Taylor Swift Guardian interview

As we reported on Friday nightTaylor Swift was set to speak candidly about Donald Trump, politics, and much more in a very wide-ranging upcoming interview with The Guardian.

Well, we got the full look at the interview on Saturday morning, and all we can say is ‘wow.’ Swift, notoriously infamous for having previously avoided political controversies earlier in her career, is seriously starting to open up about it more and more. And she’s talking about Lover, too!!!!

Related: Taylor Swift’s Dad… Exposed!!!

The You Need To Calm Down singer covers a LOT of ground in the far-ranging, wide-reaching long-form interview; you can catch all the highlights (below)!!!

On not coming forward during the 2016 presidential election:

“The news that she was in a relationship with actor Tom Hiddleston, which leaked soon after, was widely dismissed as a diversionary tactic. Meanwhile, Swift went to court to prosecute a sexual assault claim, and faced a furious backlash when she failed to endorse a candidate in the 2016 presidential election, allowing the alt-right to adopt her as their ‘Aryan princess.’

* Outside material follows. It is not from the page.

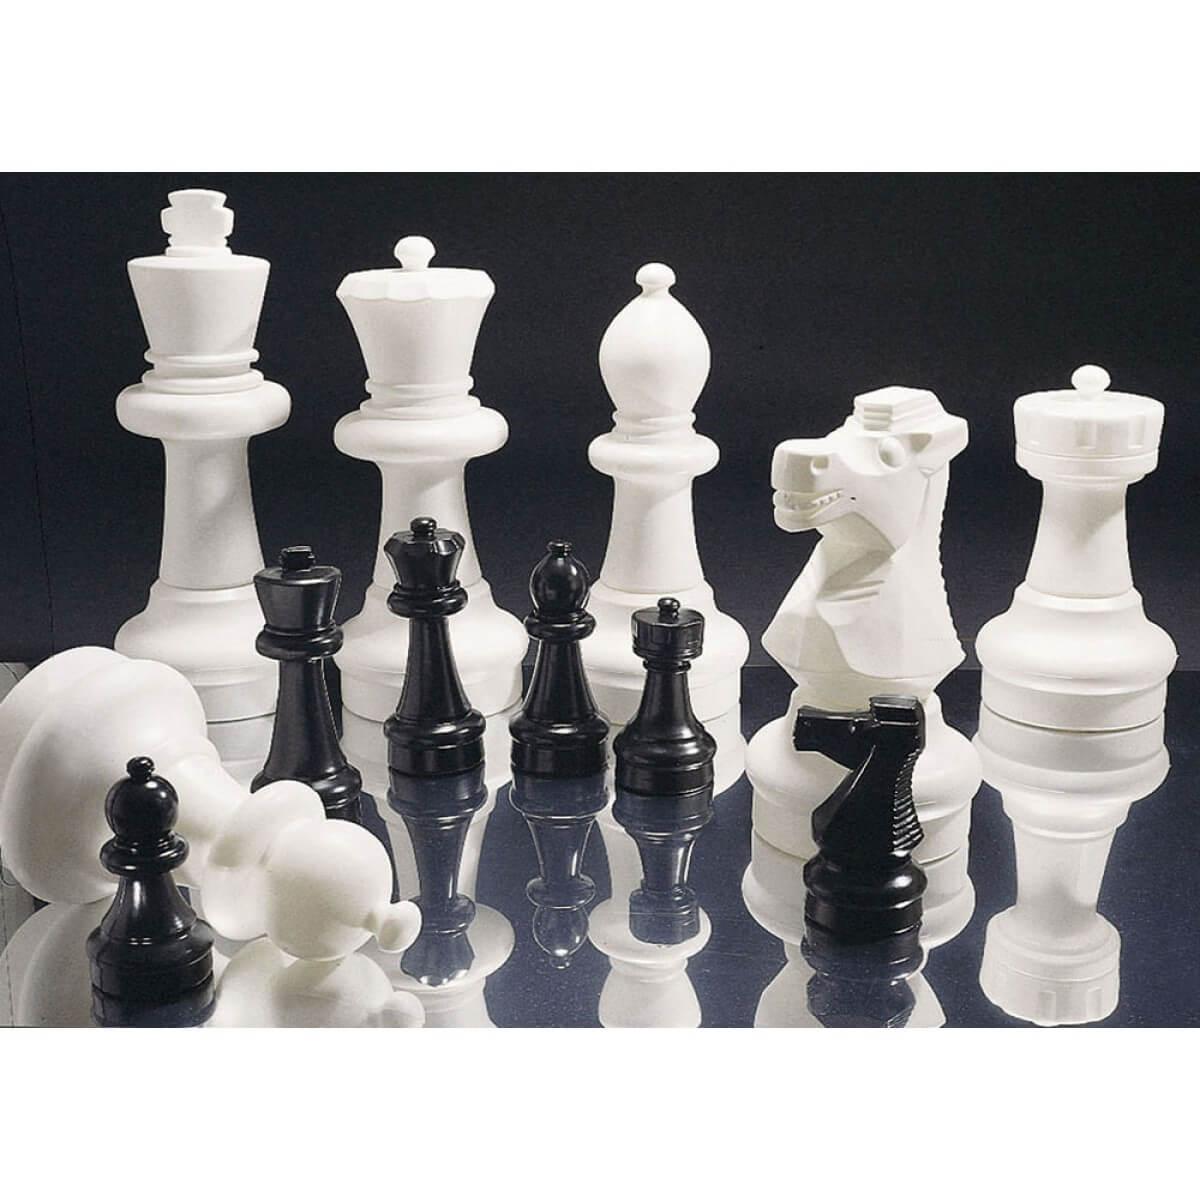 Rolly Kültéri sakkszett, kicsi

Her critics assumed she cared only about the bottom line. The reality, Swift says, is that she was totally broken. ‘Every domino fell,’ she says bitterly. ‘It became really terrifying for anyone to even know where I was. And I felt completely incapable of doing or saying anything publicly, at all. Even about my music. I always said I wouldn’t talk about what was happening personally, because that was a personal time.’ She won’t get into specifics. ‘I just need some things that are mine,’ she despairs. ‘Just some things.'”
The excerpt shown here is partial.